- _What is being asked_
Nothing but the pictures may be dropped; the rest of the listing is to be written out exactly.

- _Provided data_

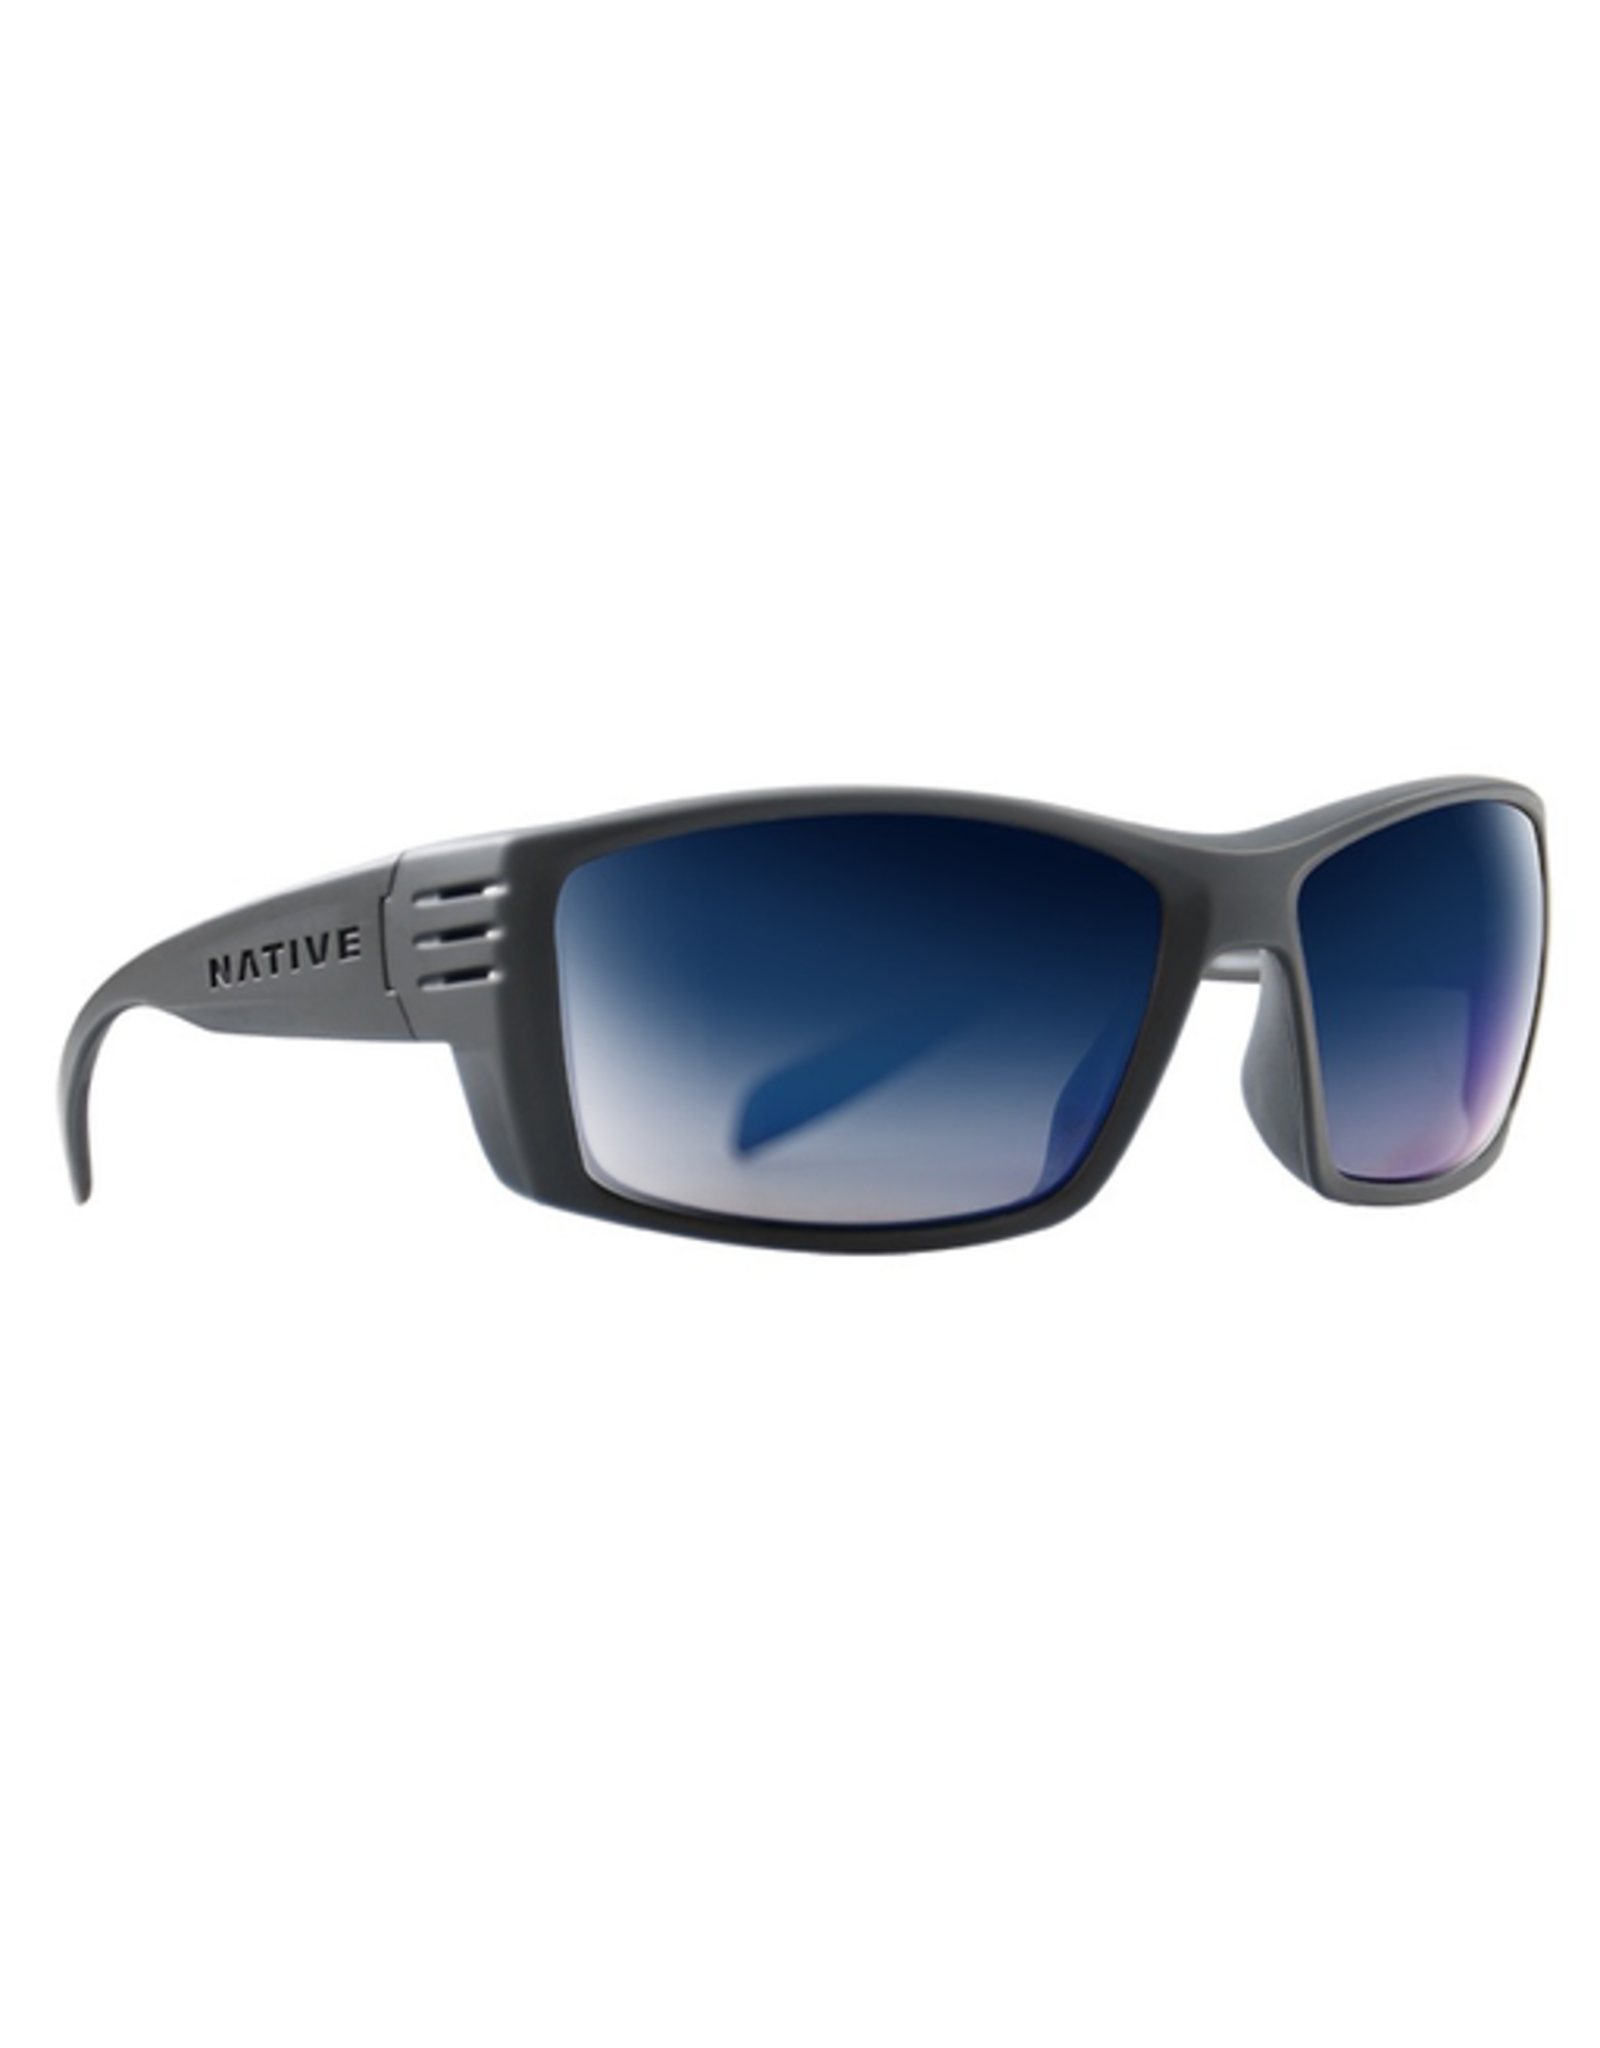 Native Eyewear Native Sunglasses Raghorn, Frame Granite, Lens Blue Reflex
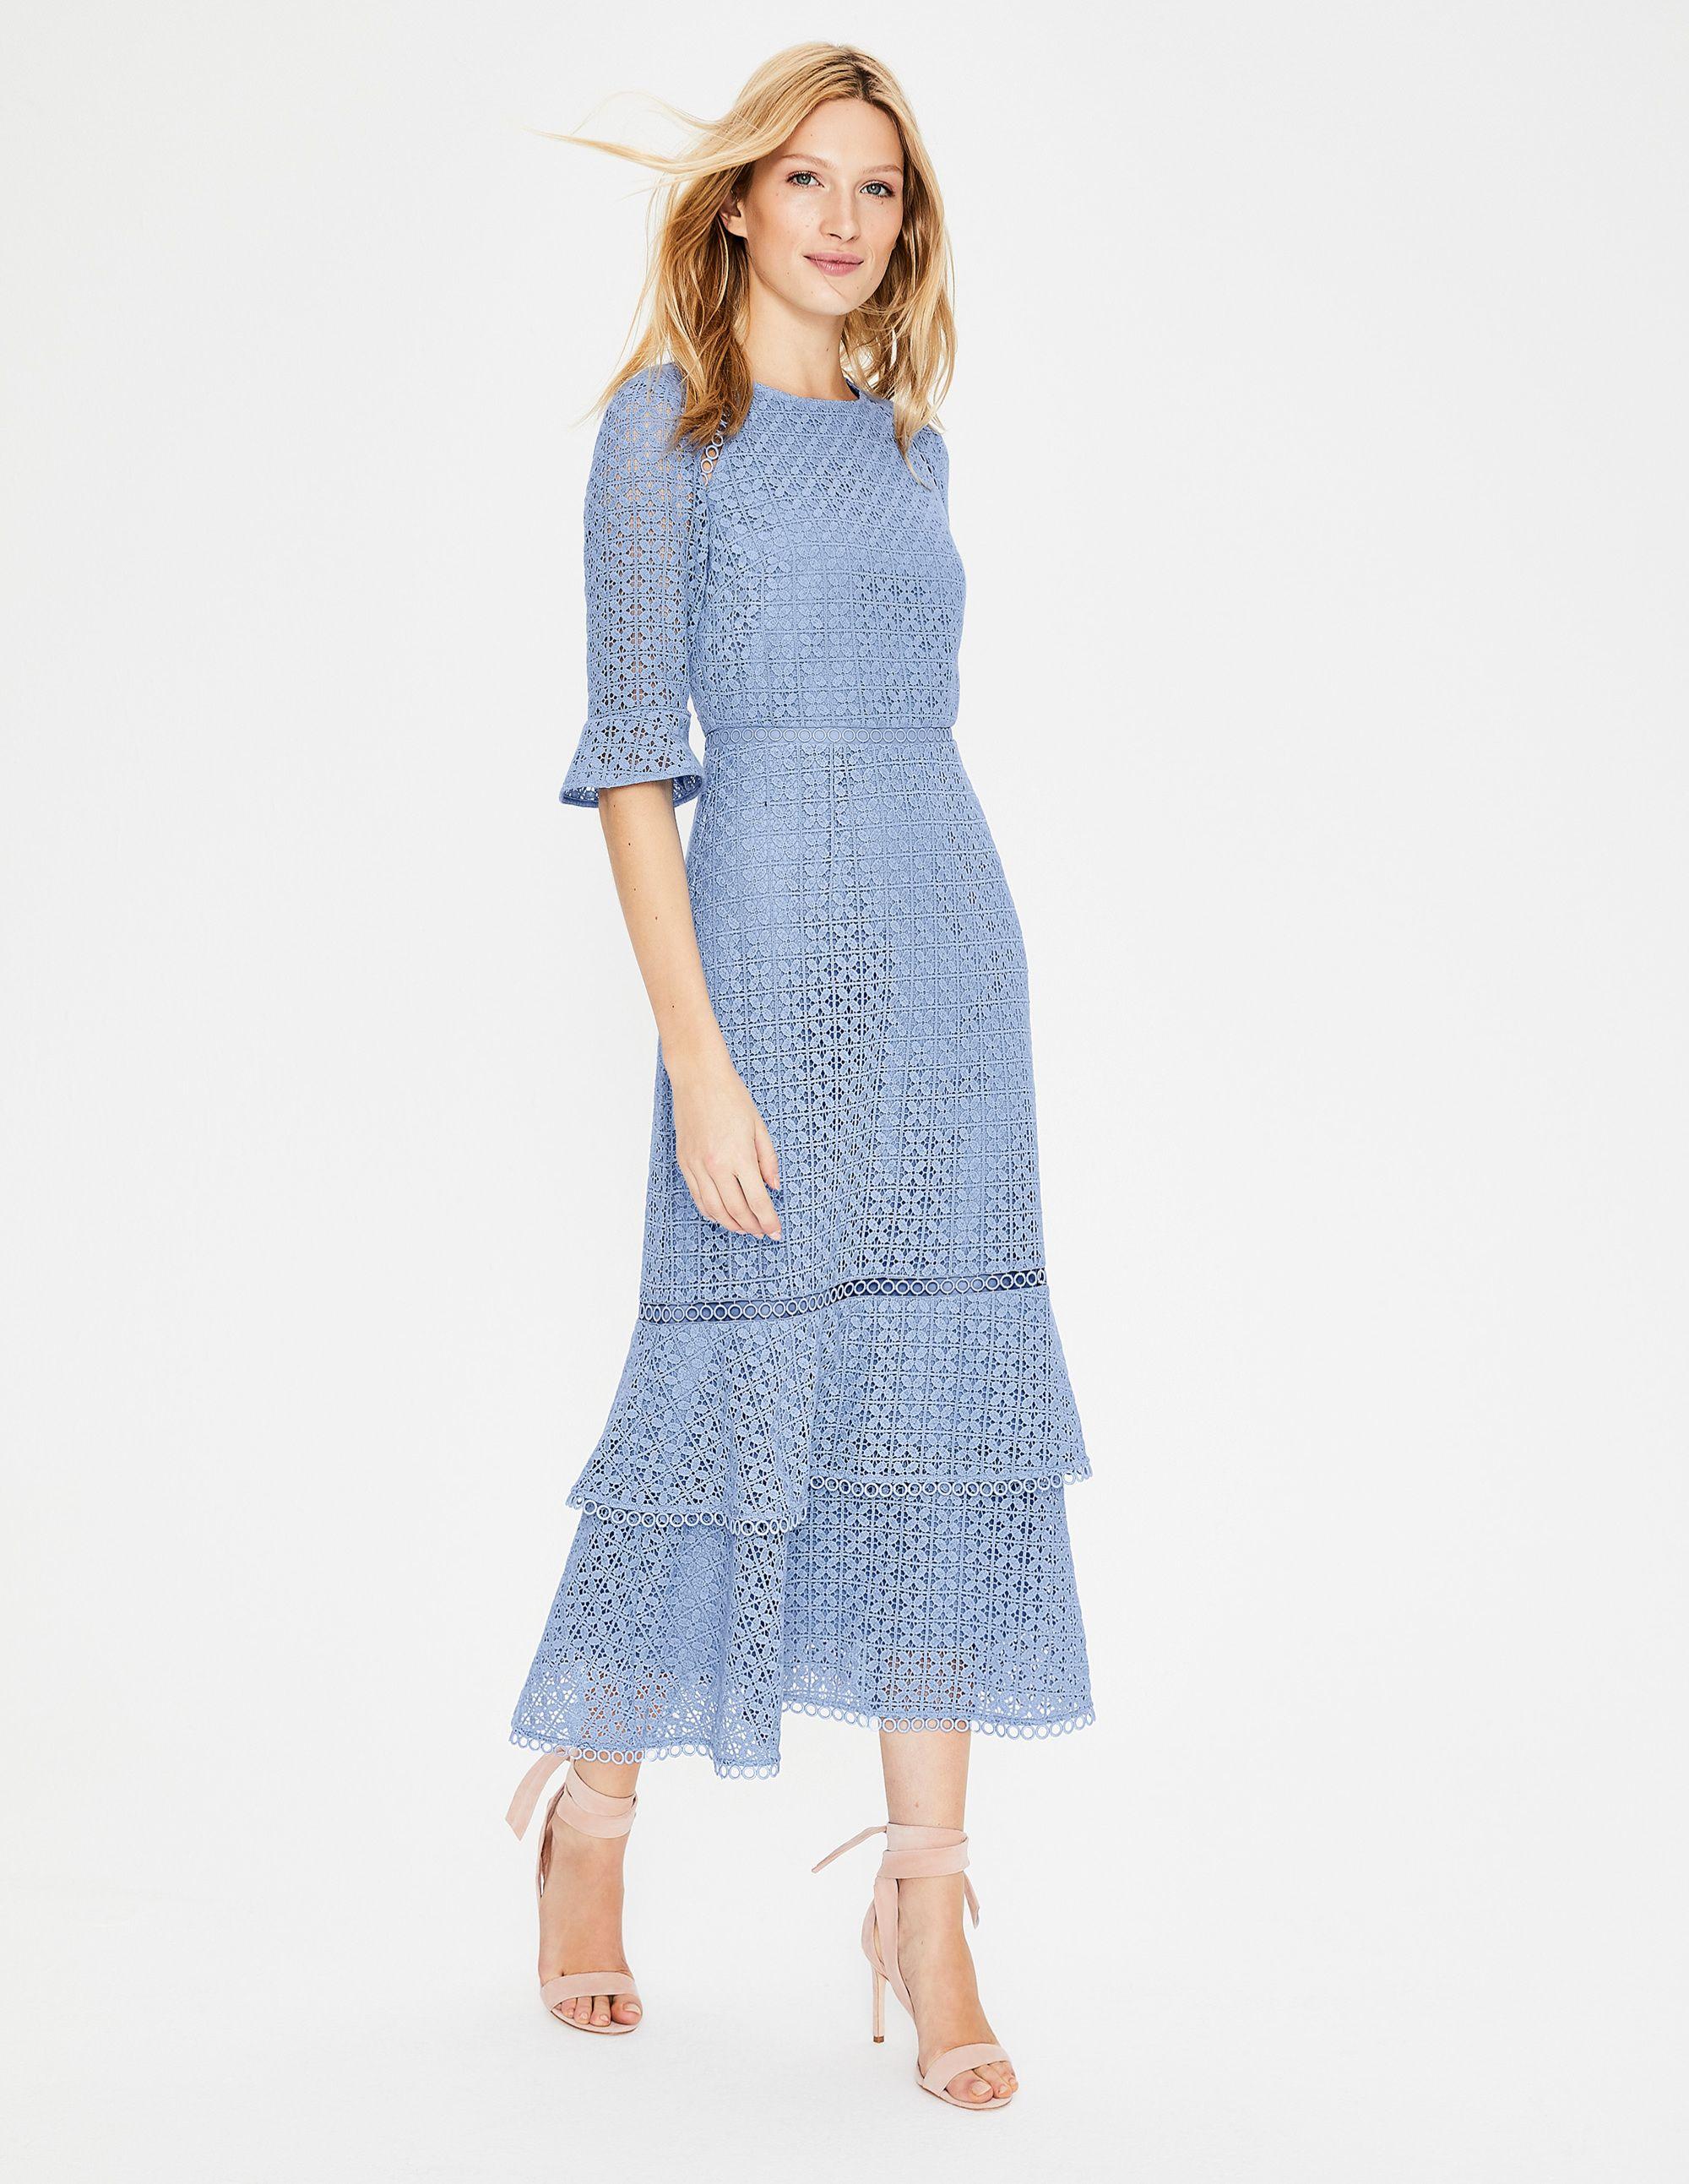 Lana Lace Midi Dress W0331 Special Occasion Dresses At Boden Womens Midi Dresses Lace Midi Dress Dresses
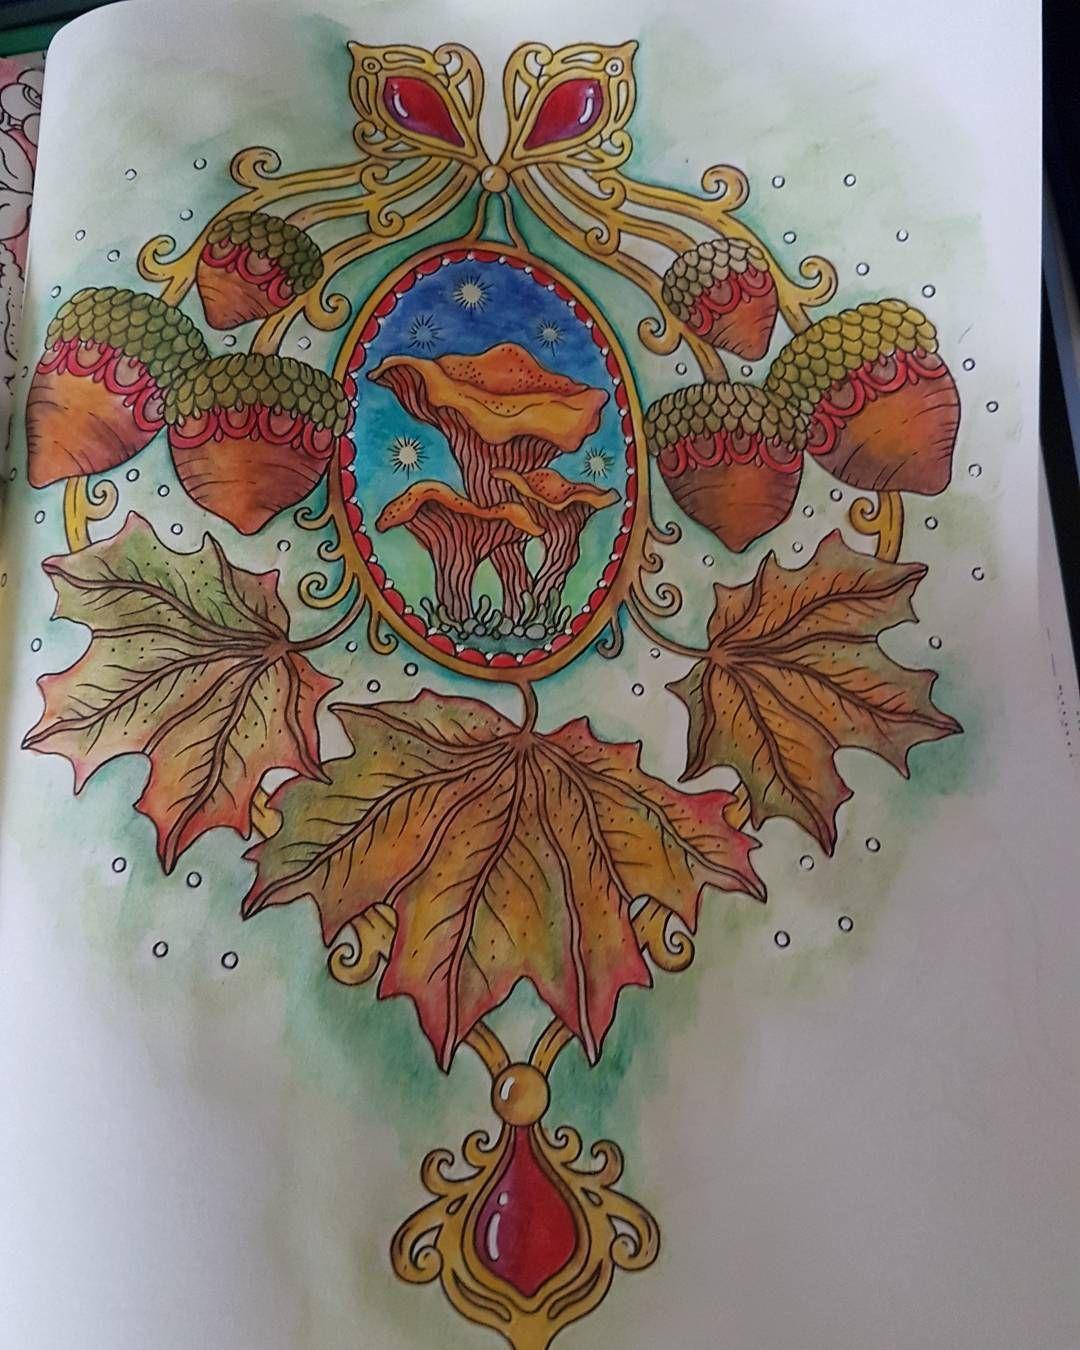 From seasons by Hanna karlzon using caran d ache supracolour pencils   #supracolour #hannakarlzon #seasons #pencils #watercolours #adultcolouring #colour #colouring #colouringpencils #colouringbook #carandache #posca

- _Exercise output_
 Native Eyewear Native Sunglasses Raghorn, Frame Granite, Lens Blue Reflex
 Lana Lace Midi Dress W0331 Special Occasion Dresses At Boden Womens Midi Dresses Lace Midi Dress Dresses
 From seasons by Hanna karlzon using caran d ache supracolour pencils   #supracolour #hannakarlzon #seasons #pencils #watercolours #adultcolouring #colour #colouring #colouringpencils #colouringbook #carandache #posca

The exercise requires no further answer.